Transport is a three-piece independent rock band from Brisbane, Queensland, made up of Keir Nuttall (guitar, vocals), Scott Saunders (bass, vocals) and Steve Pope (drums).

History
Transport was formed in 2001 when all three members were studying at the Queensland Conservatorium of Music. In 2003 they won Australia's National Campus Band Competition.

Transport also tours and records as the band of Brisbane singer and Sony-BMG artist Kate Miller-Heidke, joined by singer and violinist Sallie Campbell.

Transport's material is written and developed co-operatively by the band, and Keir Nuttall has also contributed songs to Kate Miller-Heidke's repertoire, notably her turntable hit Space They Cannot Touch from 2004's Telegram, and her 2007 single Words.

Transport's first two EPs and other songs including the single Sunday Driver were recorded by producer Guy Cooper (Serotonin Productions) on the Gold Coast.

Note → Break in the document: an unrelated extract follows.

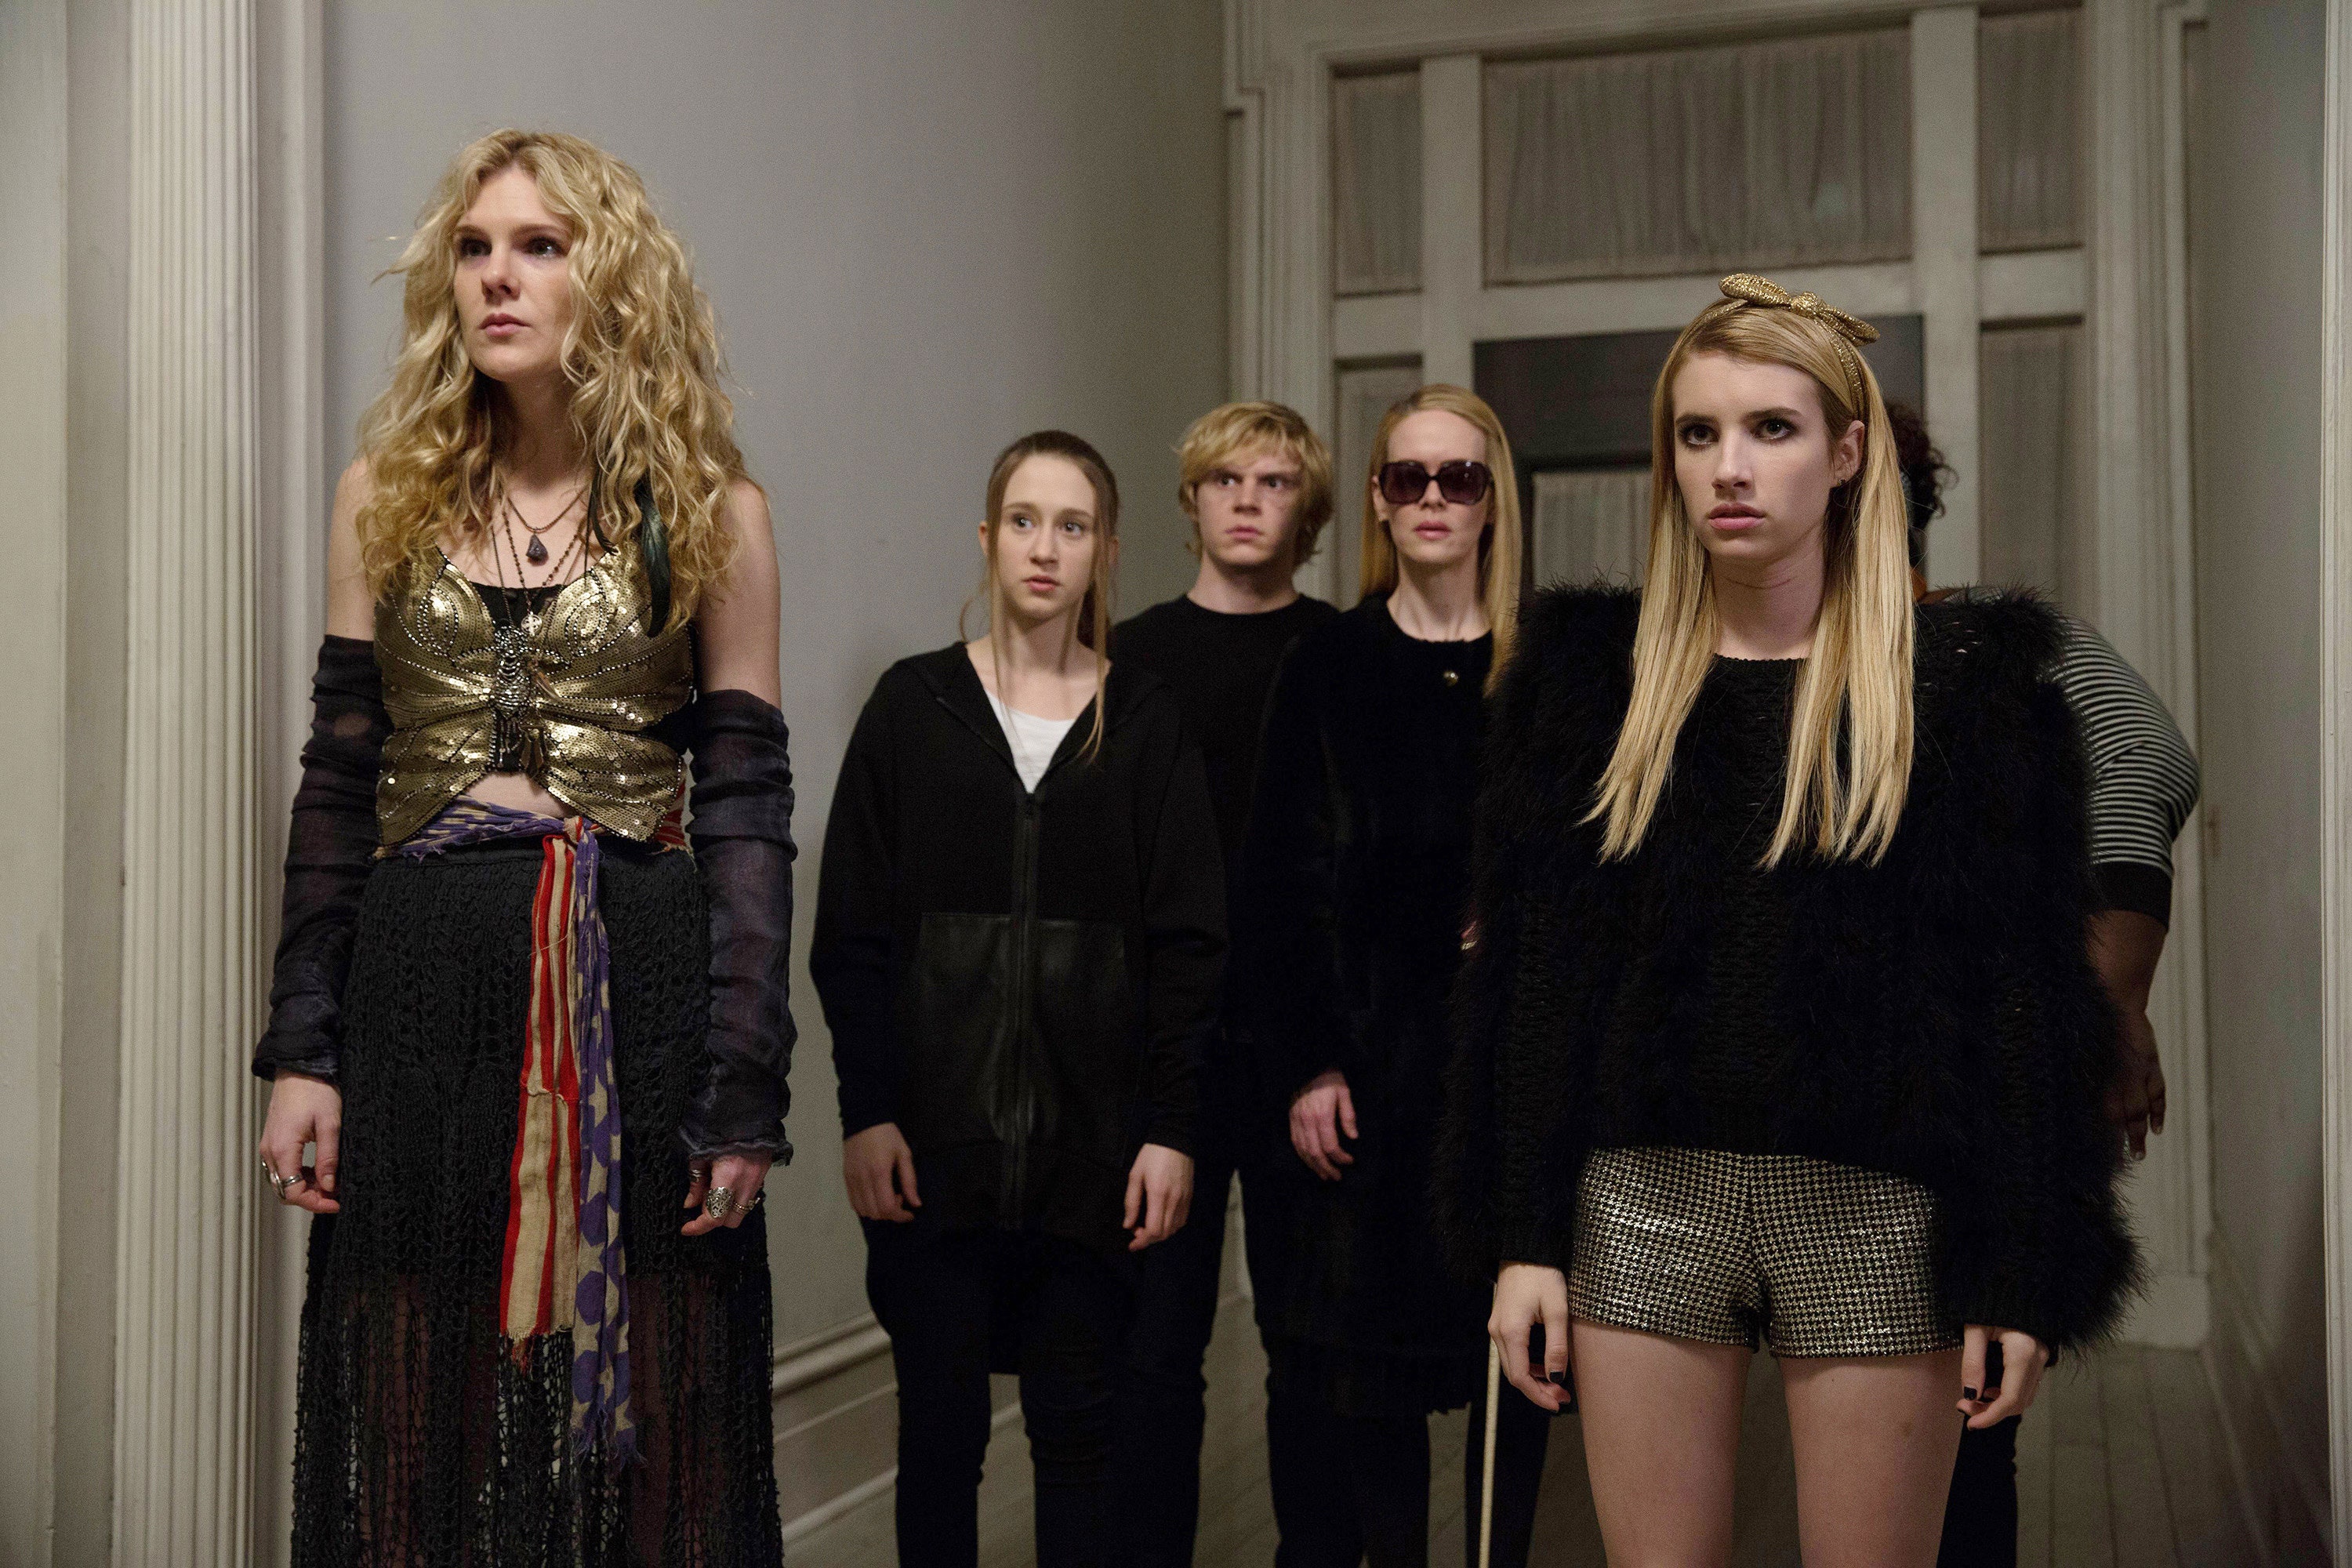 First American Horror Story: Apocalypse Photo of the Reunited Coven Features Sarah Paulson, Emma Roberts, and More

The band has continued to record and perform independently of Kate Miller-Heidke, mainly at Brisbane venues but also on international and interstate tours, and live radio broadcasts. The band's song Sunday Driver was downloaded a record 24,000 times from the website of youth radio network Triple J, and in Britain Stone Hearted has been aired on BBC Radio 1 and on Kerrang! Radio.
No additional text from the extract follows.